1. Course number and name: PET14318 - Reservoir Simulation
2. Credit: 3 (Engineering topic); Required
Contact hours: 4 (Lecture: 3/week, Discussion: 1/week)
3. Instructor’s or course coordinator’s name: Binh T. Bui
4. Text book:
a. Required: None
b. Additional Textbooks:
1) H. Abou-Kassem et al., 2005. Petroleum Reservoir Simulation – A Basic Approach, Gulf Publishing Company.
2) T. Eterkin et al., 2001. Basic Applied Reservoir Simulation, SPE, Texas
3) IPIMS – IHRDC (International Human Resources Development Corporation)

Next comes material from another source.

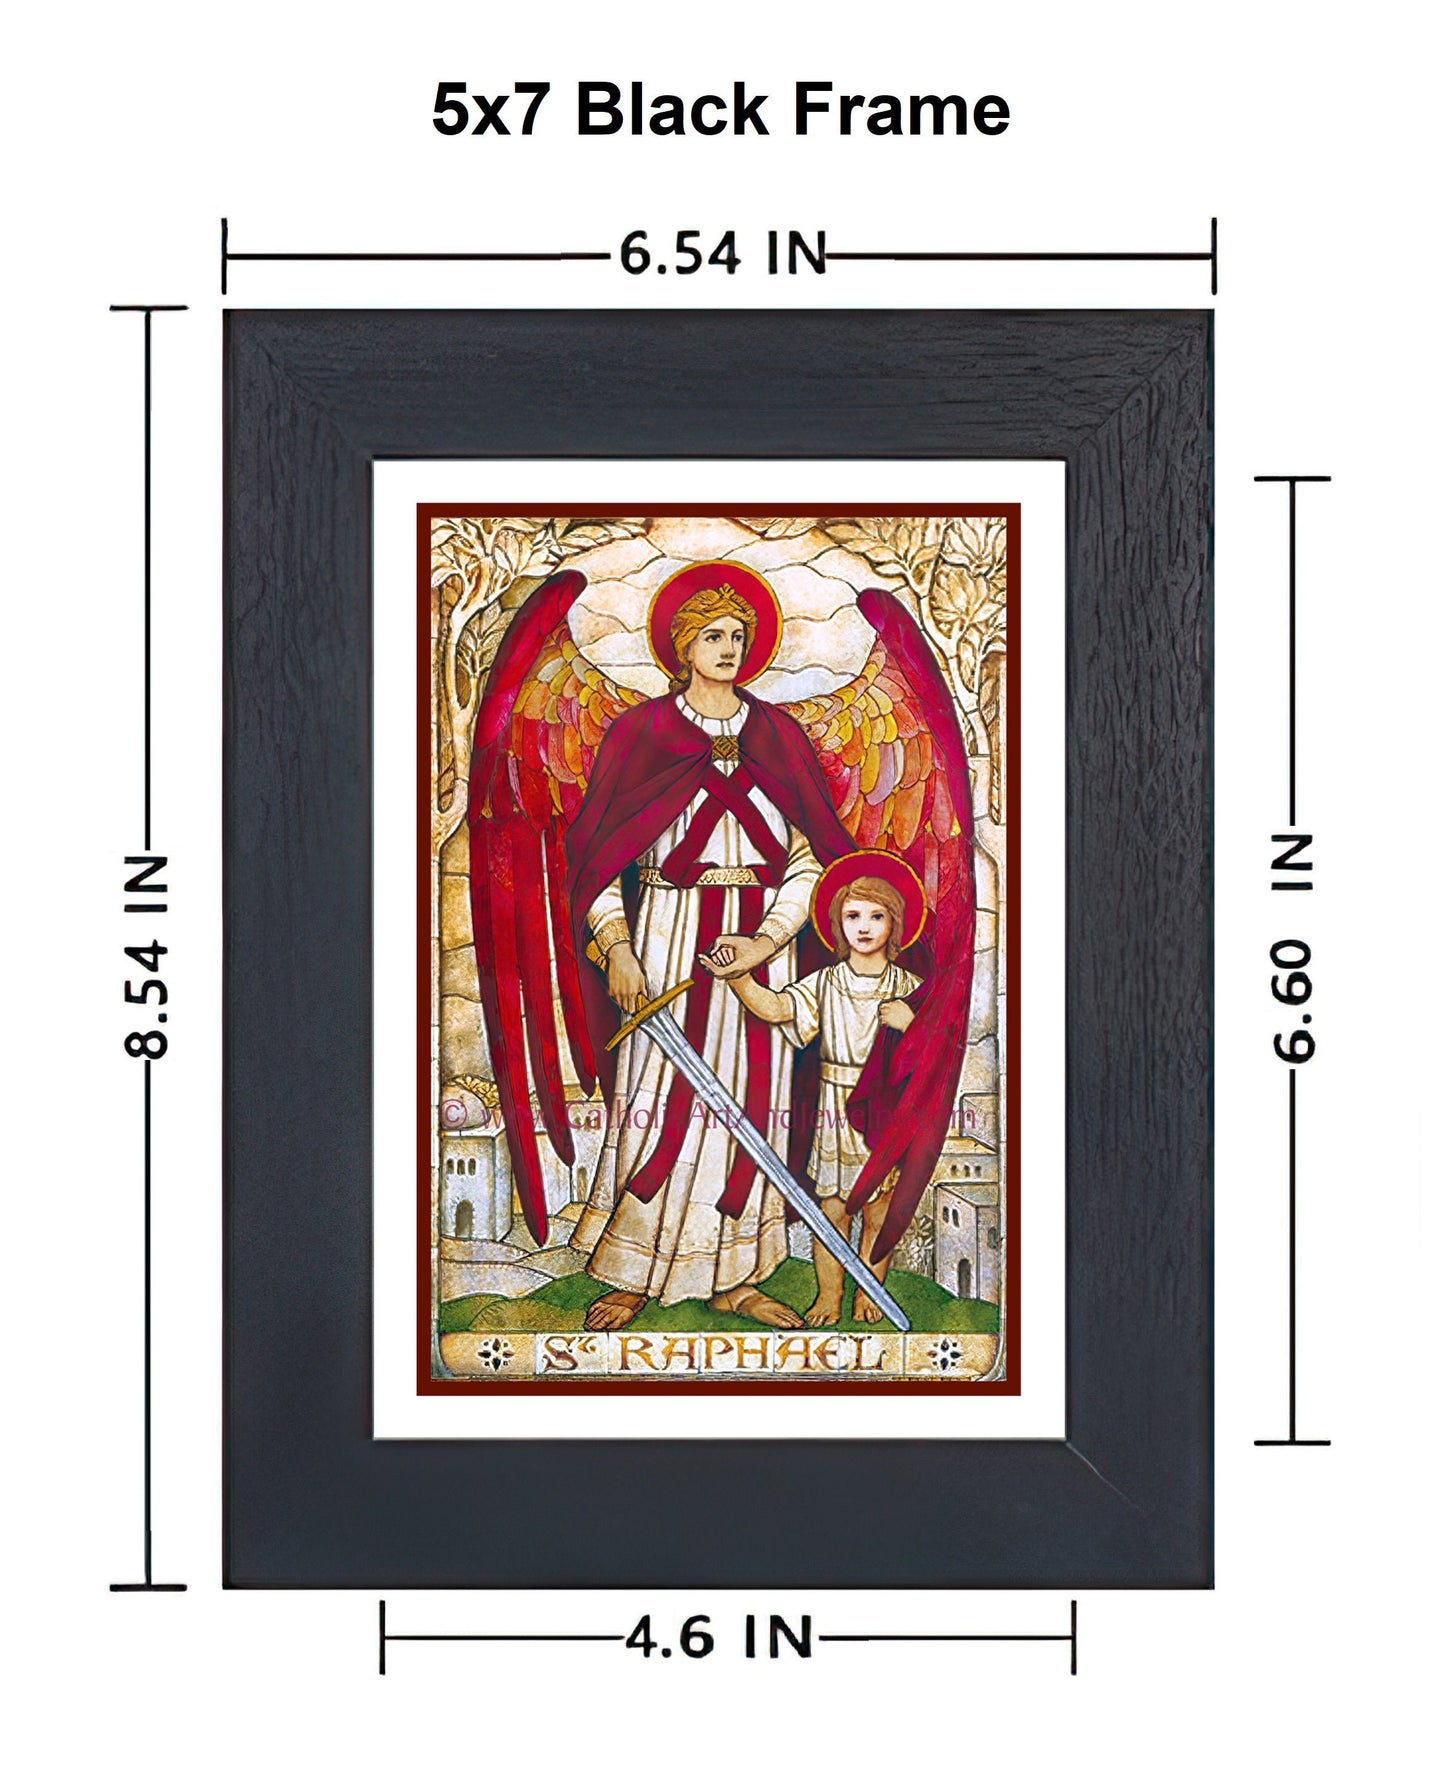 Archangel Raphael – from a Vintage Stained Glass Window – Art Nouveau – Catholic Art Print – Archival – Catholic Gift– Guardian Angel
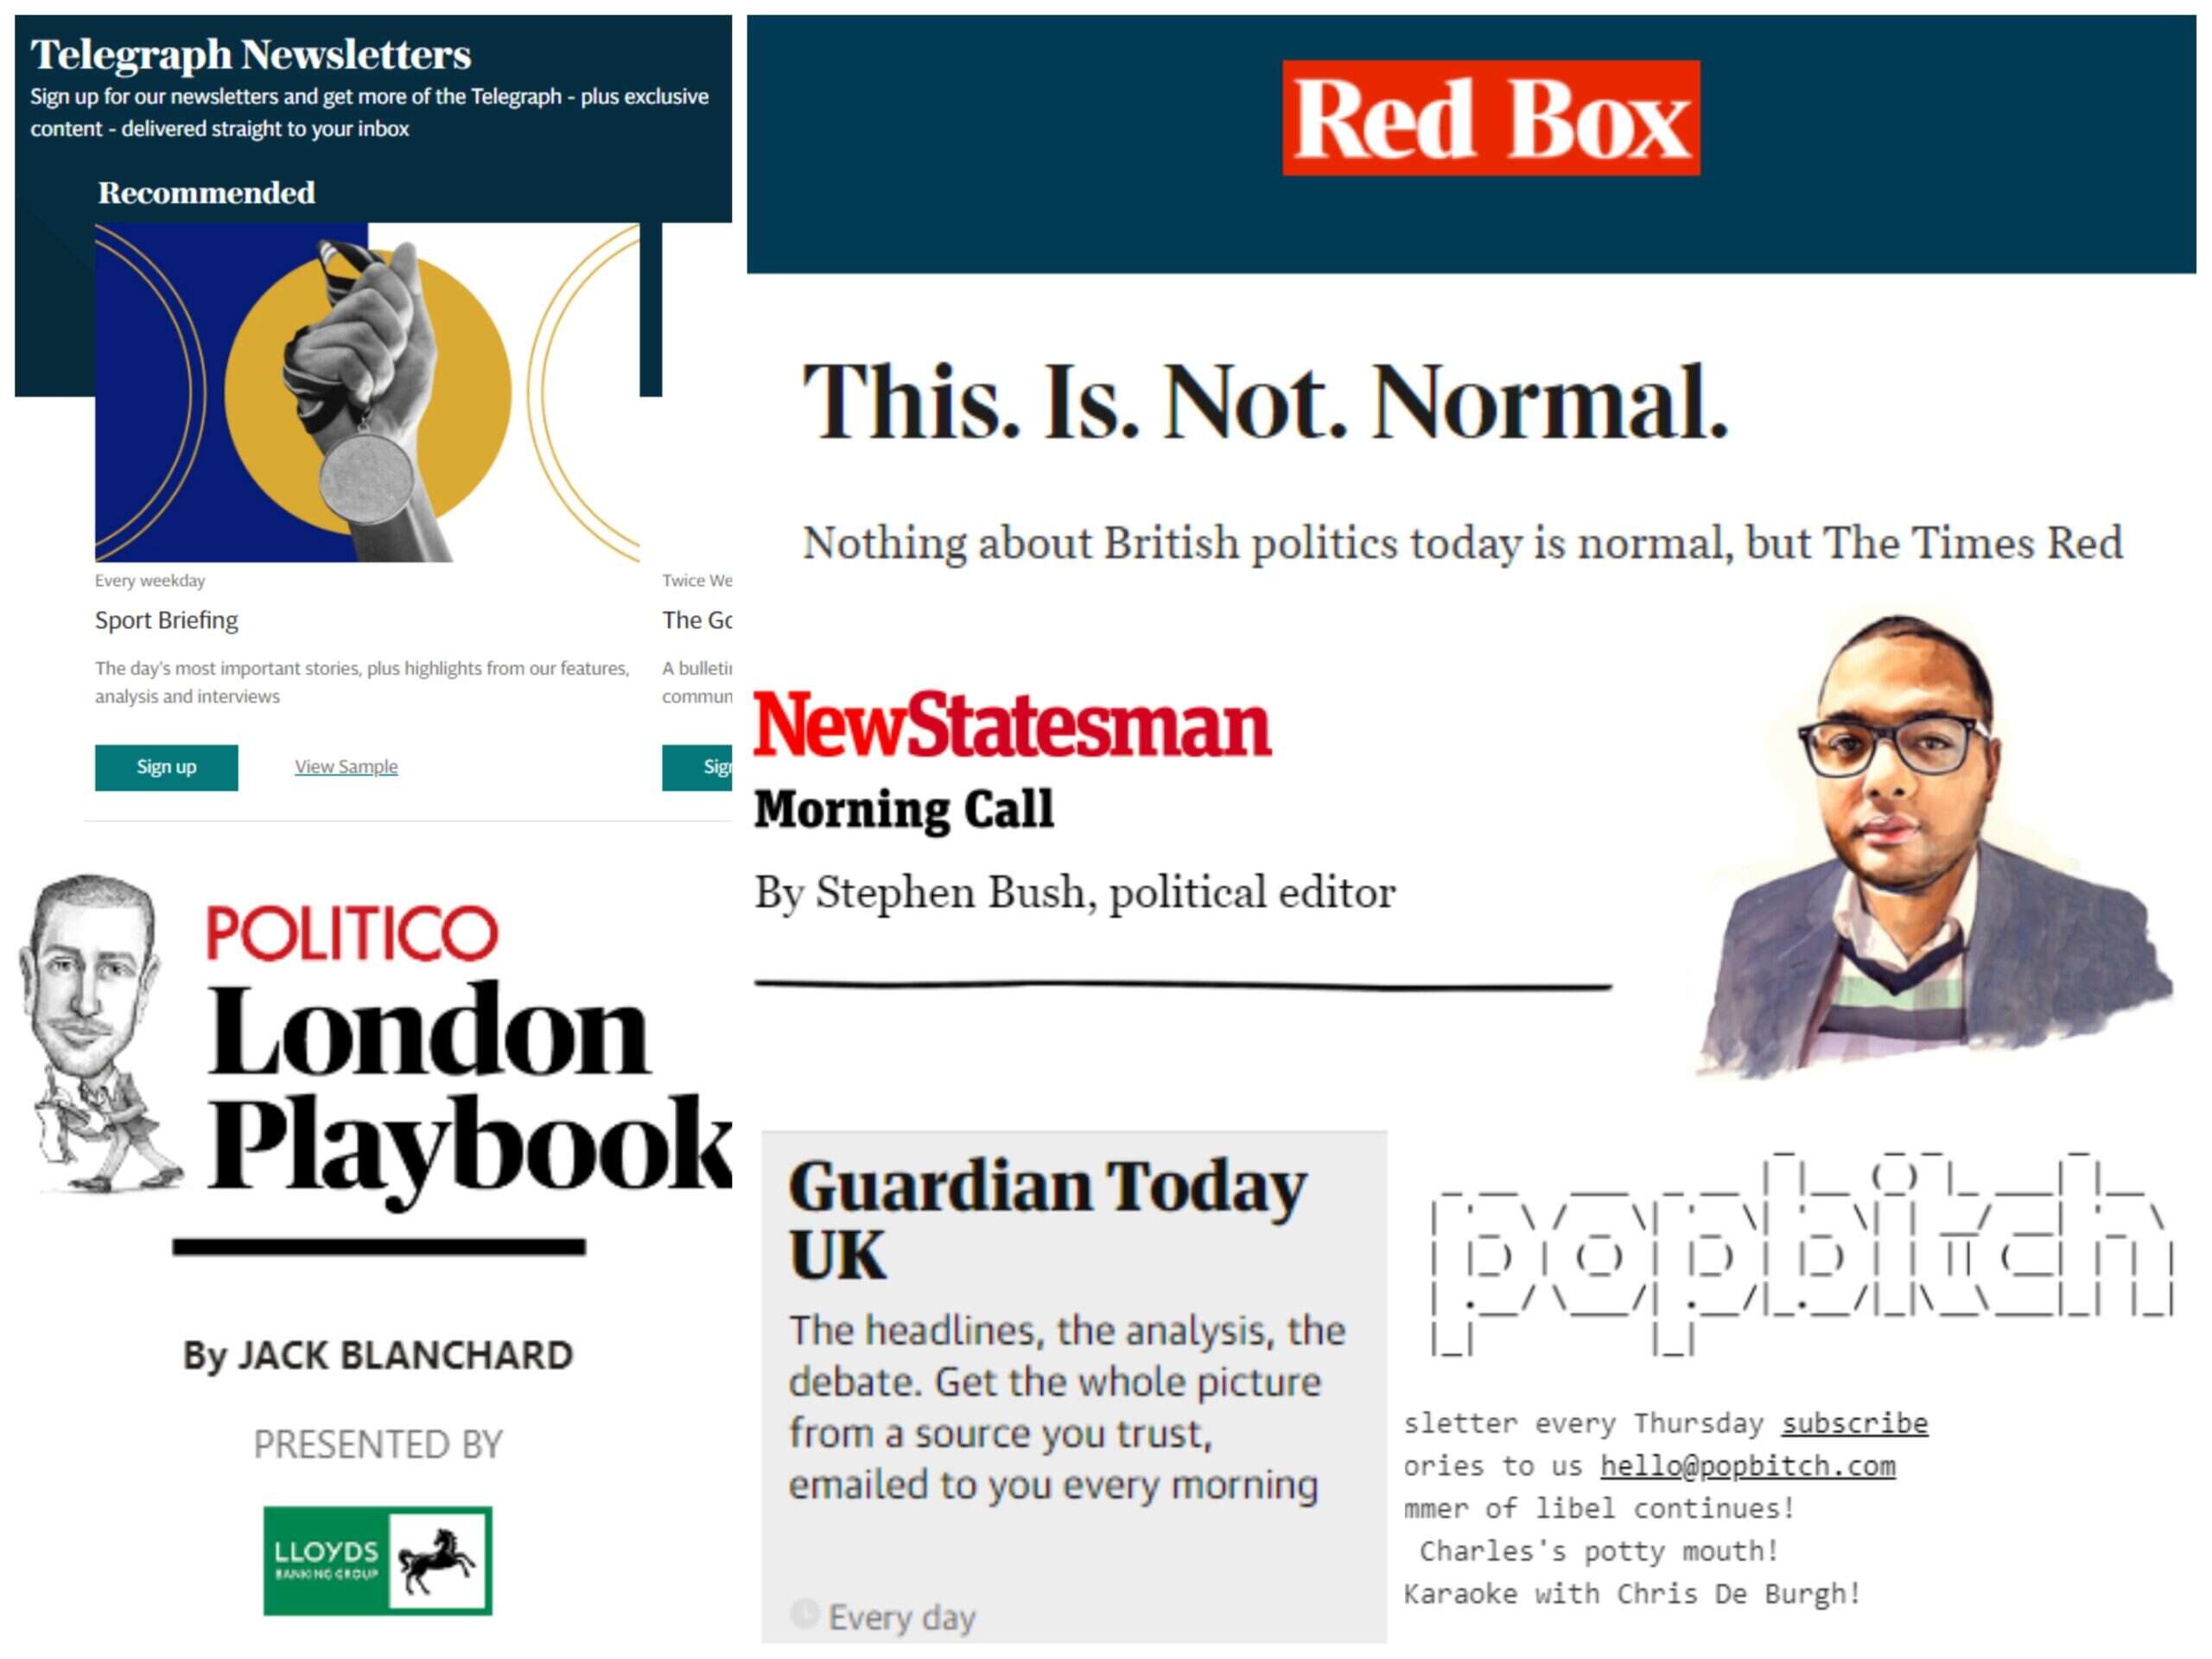 How low-tech email newsletters 'weathered the storm' to become vital part of UK media landscape

5. Specific course information
a. Catalog description:
Introduces the concepts of reservoir modeling, and outlines the steps involved in a reservoir simulation study. Reviews rock properties, fluid properties and the mathematical description of fluid flow dynamics in porous media. The theoretical basis and practical fundamentals for numerical and analytical simulation of fluid flow in petroleum reservoirs are given. The partial differential equations governing modelling of single-phase and multi-phase fluid flow in porous media are derived. The numerical methods for solving the basic governing equations using finite difference methods are presented. Input data requirements and applications of simulation models for history matching and prediction of field performance will be discussed.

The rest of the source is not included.